About this task: Of all the entries below, only the lines from the one with "i am not ashamed" up to and including the one with "Stay on Top" are to be duplicated exactly.

┌─ Information given

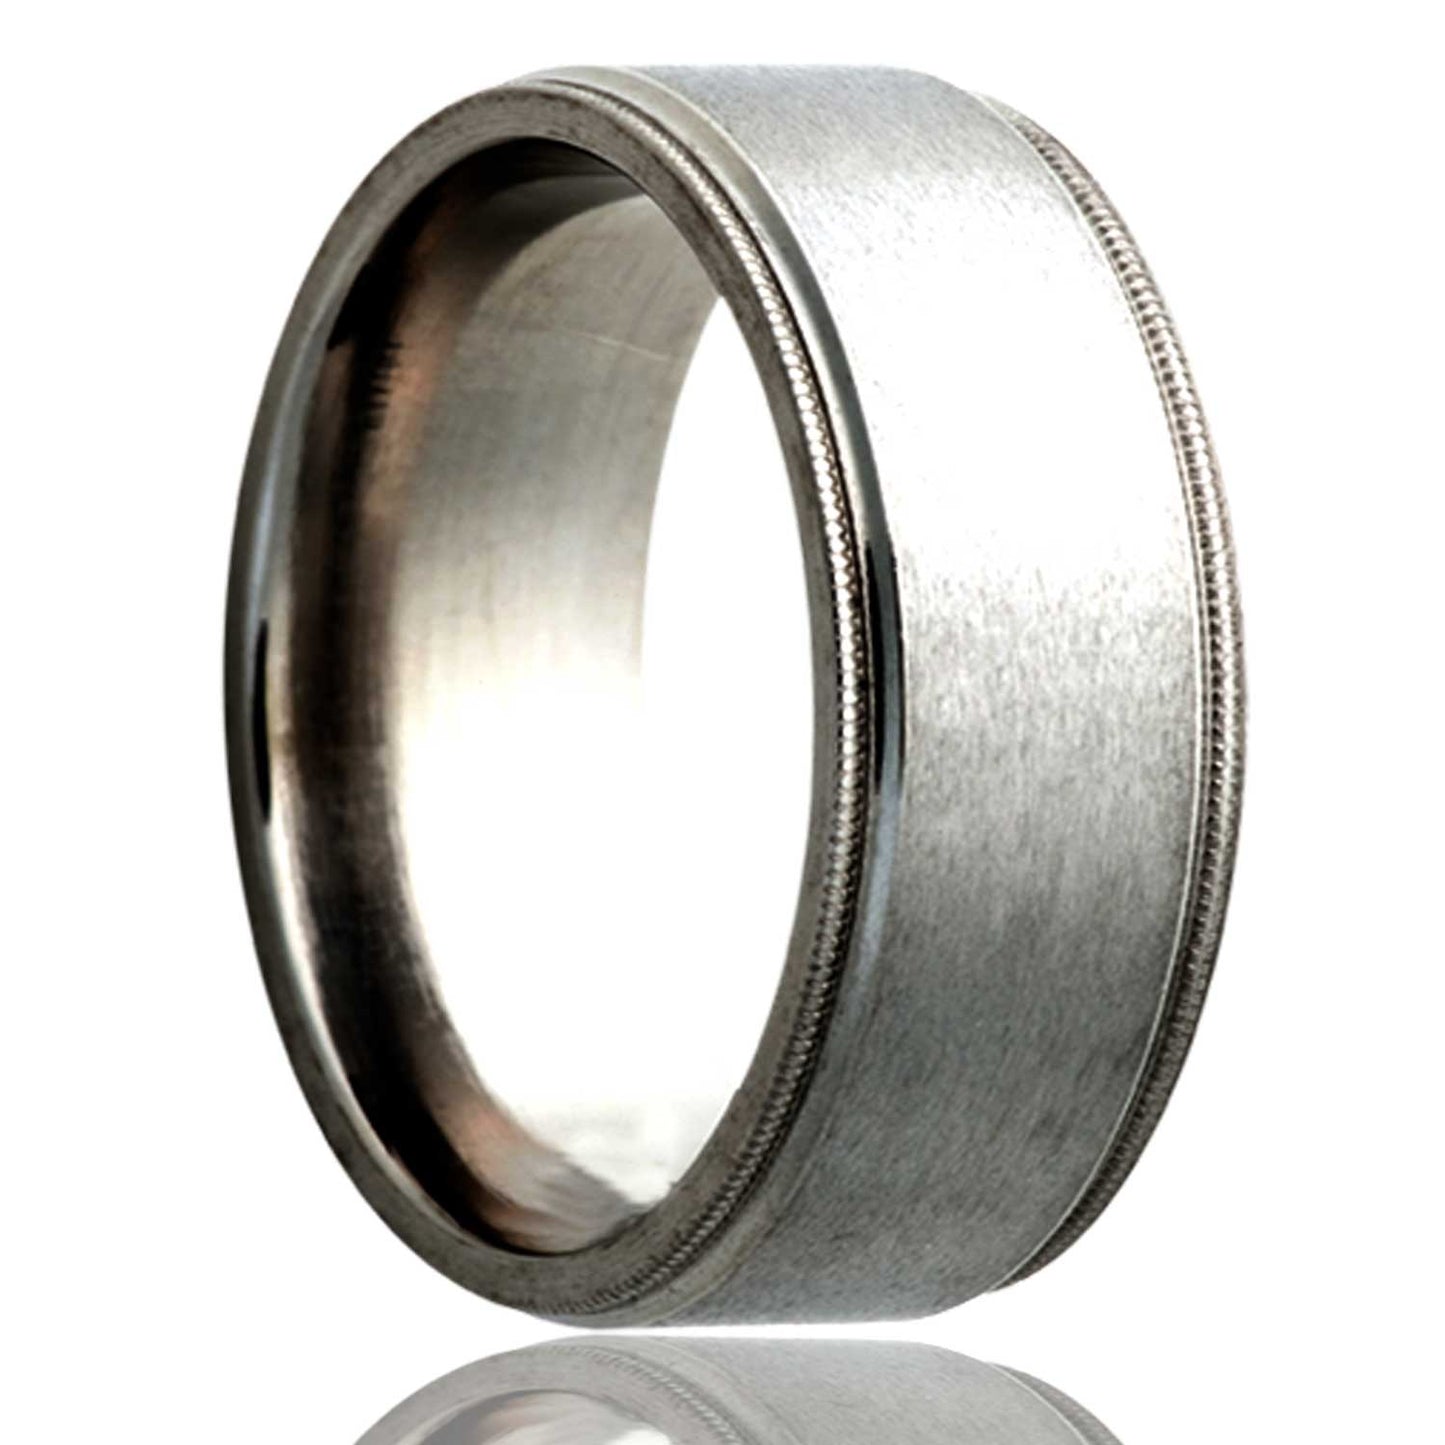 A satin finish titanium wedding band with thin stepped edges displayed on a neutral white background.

└─
┌─ Information given

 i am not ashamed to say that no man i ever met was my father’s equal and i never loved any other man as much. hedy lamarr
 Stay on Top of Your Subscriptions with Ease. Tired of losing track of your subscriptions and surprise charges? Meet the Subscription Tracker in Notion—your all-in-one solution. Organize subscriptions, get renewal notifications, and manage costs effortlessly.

└─

Answer space:
 i am not ashamed to say that no man i ever met was my father’s equal and i never loved any other man as much. hedy lamarr
 Stay on Top of Your Subscriptions with Ease. Tired of losing track of your subscriptions and surprise charges? Meet the Subscription Tracker in Notion—your all-in-one solution. Organize subscriptions, get renewal notifications, and manage costs effortlessly.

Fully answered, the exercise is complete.